Another a program generates matrix files 8. The generator program 14 is illustrated in Fig. 7. The generator program 14 allows recursive access using display device 2 and input device 3 in exactly the same manner as the browser 5 described above by displaying labels for a set of nodes and allowing movement through the levels by selection of nodes. Initially, the labels are blank. The input device 3 may be used to generate or modify the label for each node by pointing to the relevant display field 9 and typing a textual label or referring to a graphic. The textual information in text field 10 may be edited in a similar manner. Similarly the pointers may be inserted. The generator program 14 may use a relational database 15 which is itself of a conventional nature and stores a database relating URLs to tags which classify the pages corresponding to the URLs by content or other criteria.
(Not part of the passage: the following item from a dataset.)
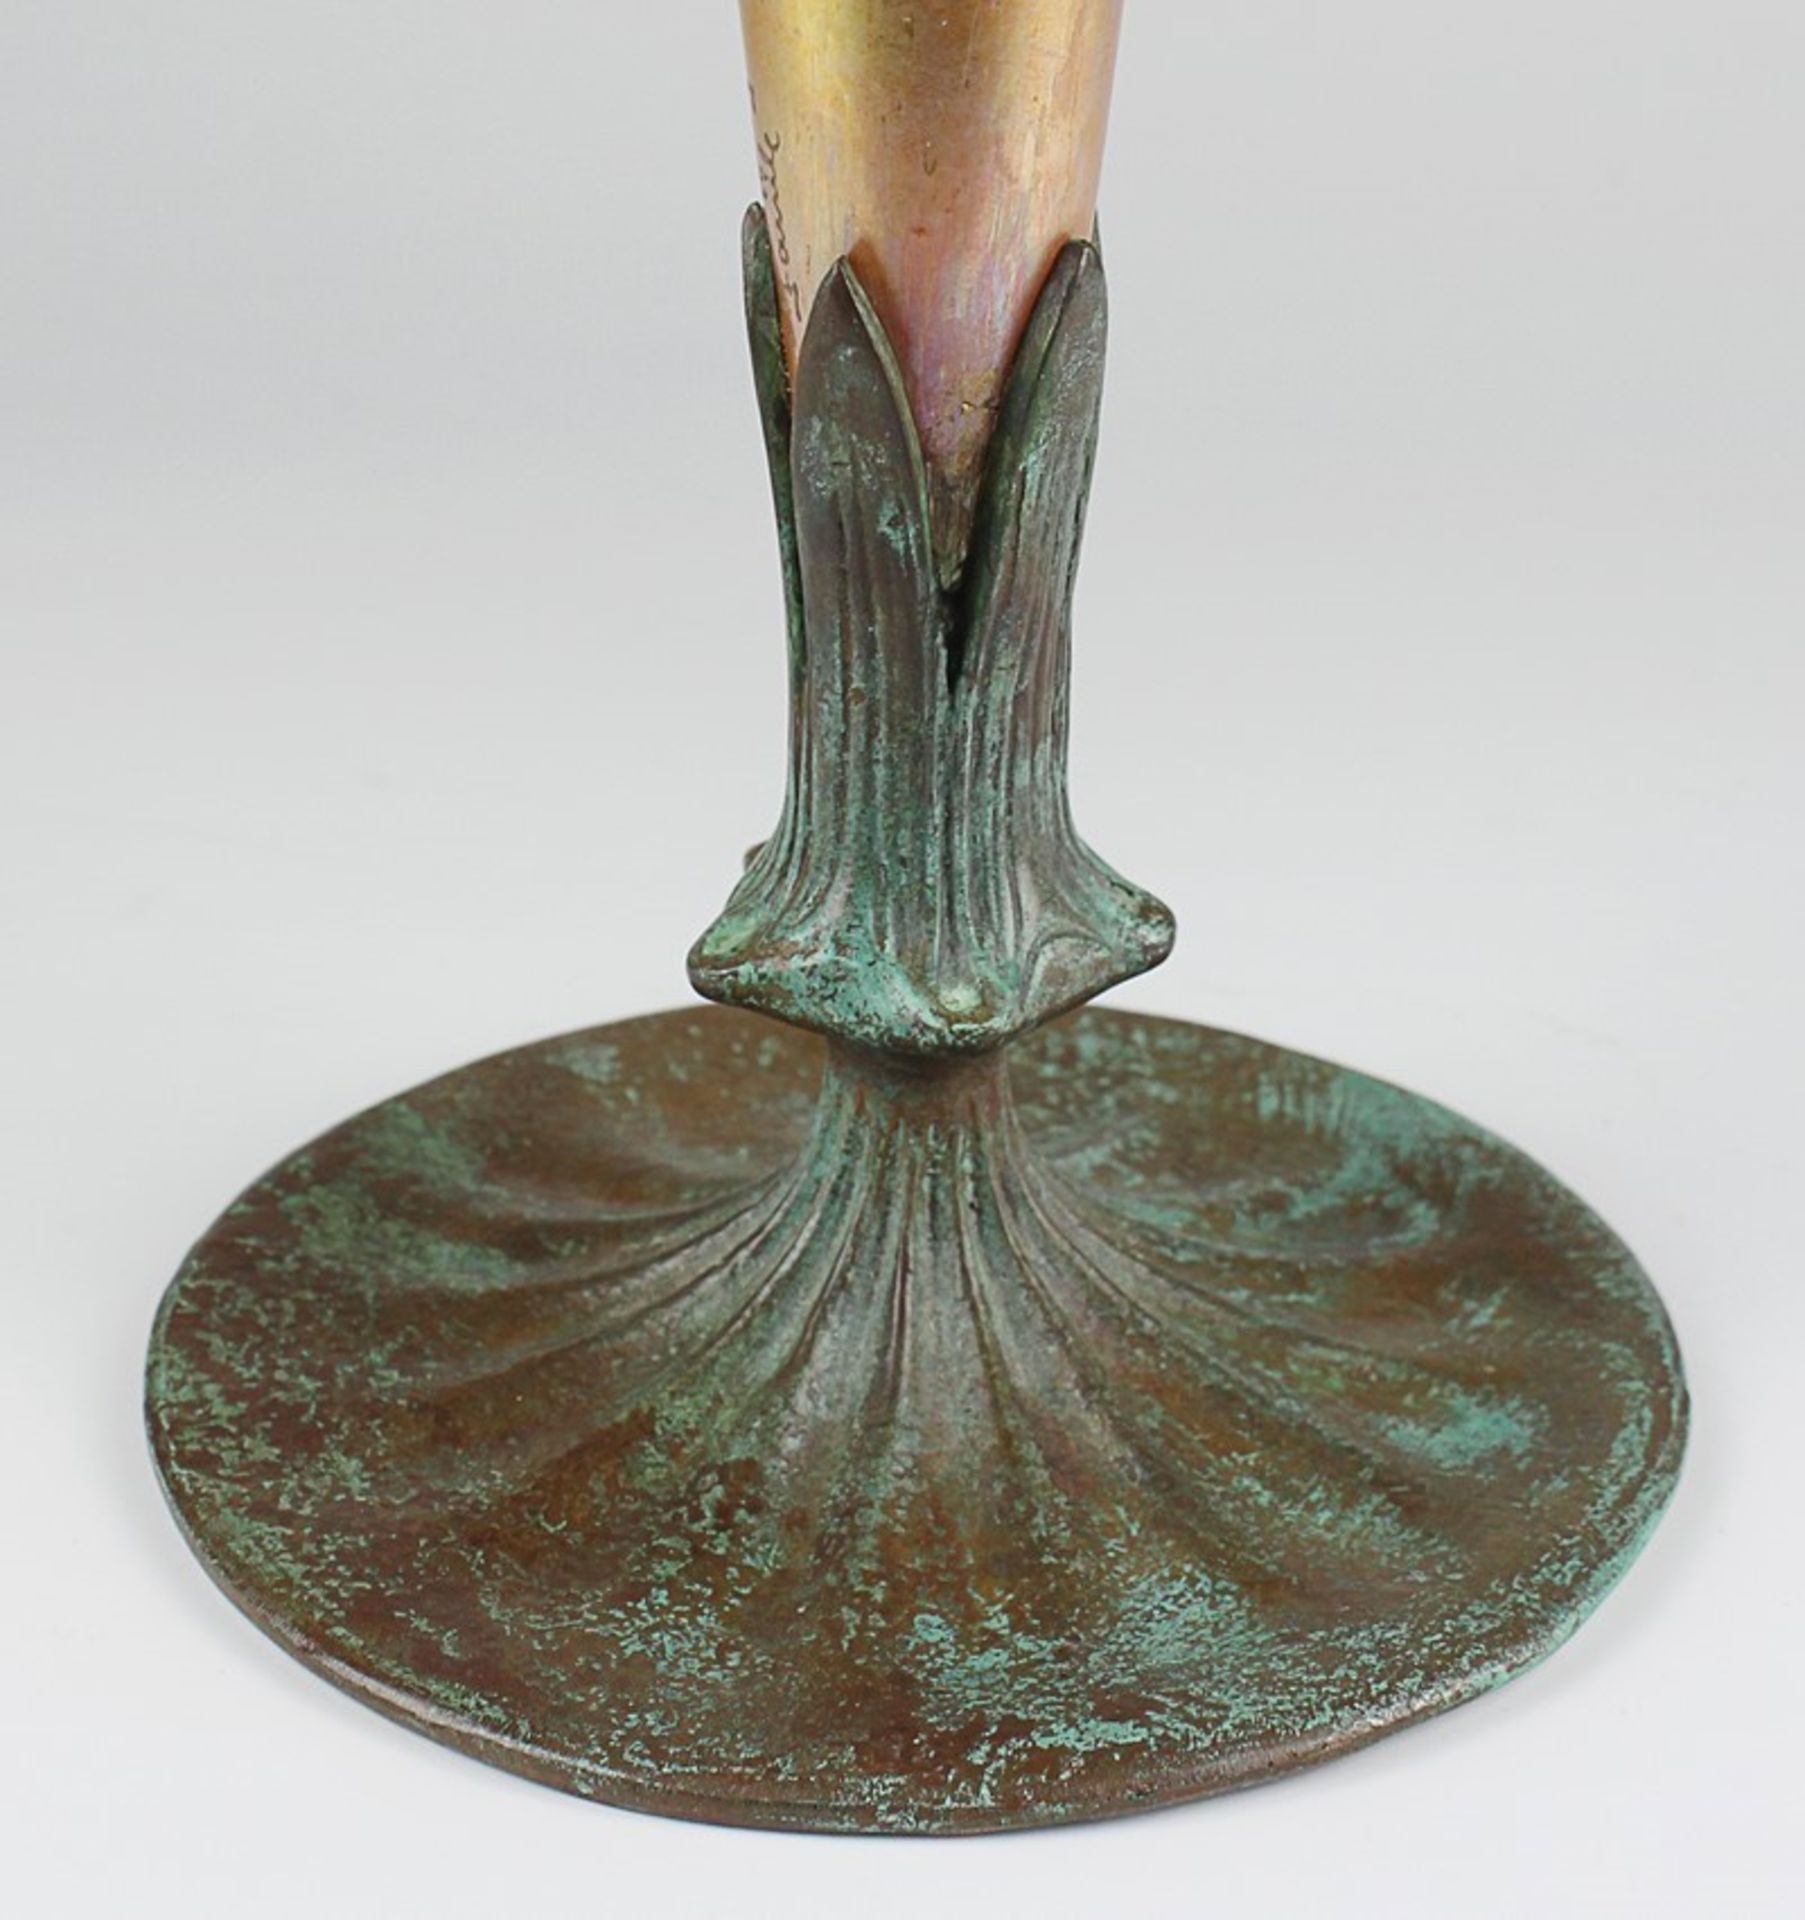 Tiffany - Trompetenvaseum 1900/10, Jugendstil, Louis Comfort Tiffany, New York, sog. Favrile-Glas, - Bild 4 aus 11
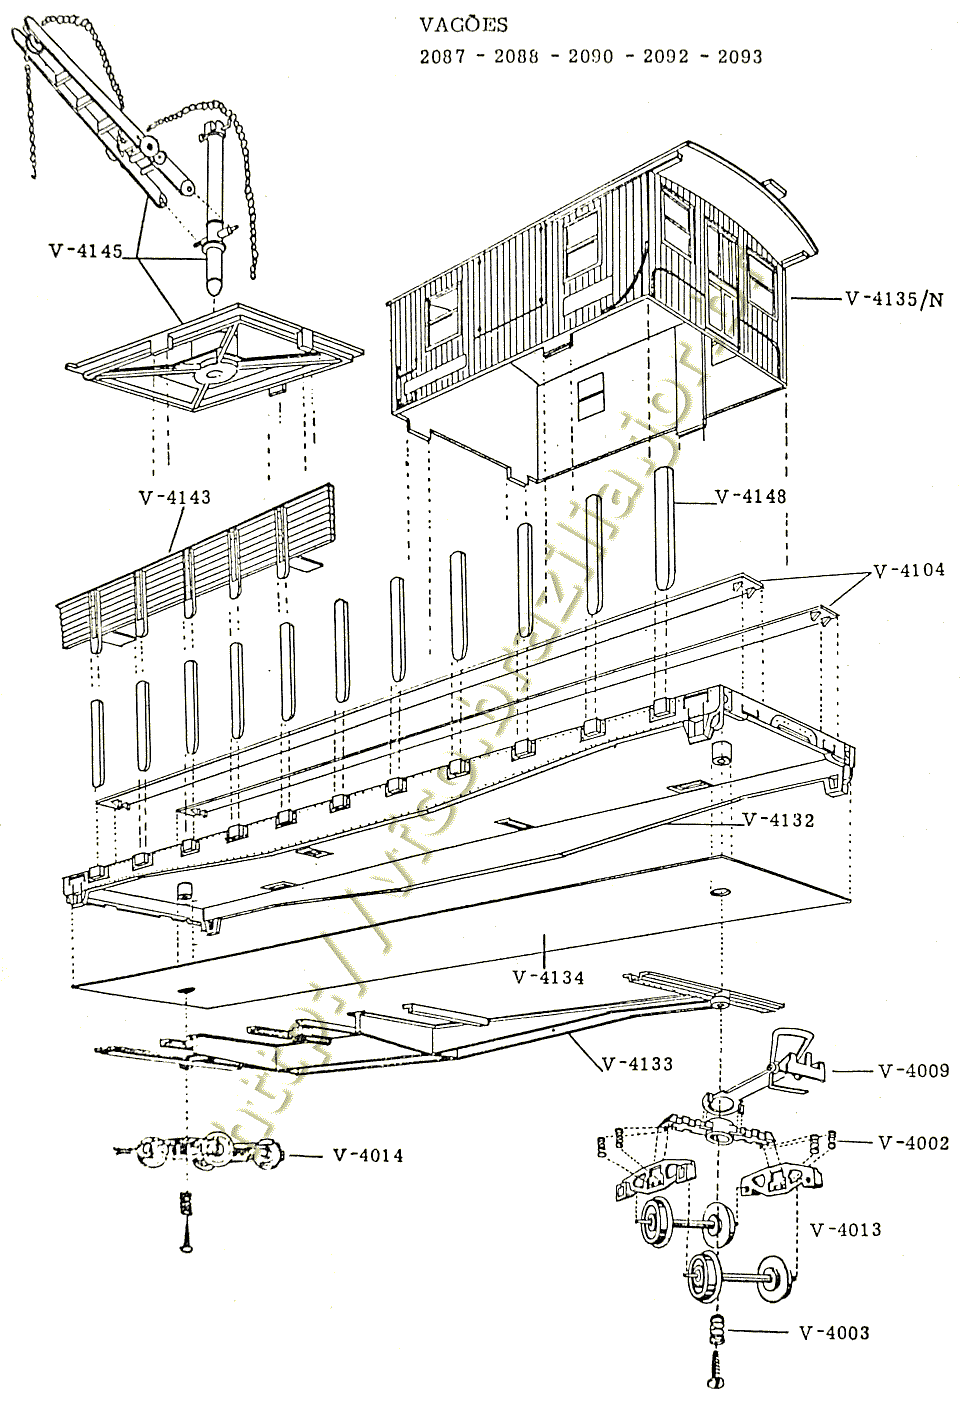 Diagrama de montagem e peças de reposição dos vagões prancha, caboose e guindaste "longos" Atma

For example the relational database 15 may be created by the Microsoft program SQL. The generator program 14 interrogates the regional database and extracts URLs for insertion as pointers at nodes selected by the user.
Particular nodes may be dragged from the currently displayed set of nodes in a given level into a workspace provided on the display device 2. These may be reinserted on a node in the same or different level in the same group of nodes or in a further group of nodes by dragging back from the workspace. In this way different groups of nodes may be joined together or split apart. Different groups may be related by inserting at a node of one group a pointer to another group.
During creation of the tree structure, information defining each group of nodes is stored in a temporary storage area of the memory lb of the computer 1. Upon completion, the data for each group of nodes is encoded and stored as a respective matrix file 8.
The present invention could be applied to store pointers to television channels in order to function as an electronic program guide. In this case, as an alternative to the Java applet implementation described above, it would be preferred to implement the present invention as a C++ program. The present invention as been described above as a process implemented in a computer system by running a program, for example a Java applet. In another
implementation, the present invention may be provided as an article of manufacture in the form of a storage medium readable by a computer and encoding the computer program process. In this case, the storage medium might be a magnetic diskette or an optical disc or other portable storage medium. Similarly, it might consist of the memory within the computing system storing the program. The present invention may also have a machine implementation consisting of modules for performing the logical operations of the computer implemented steps of the process.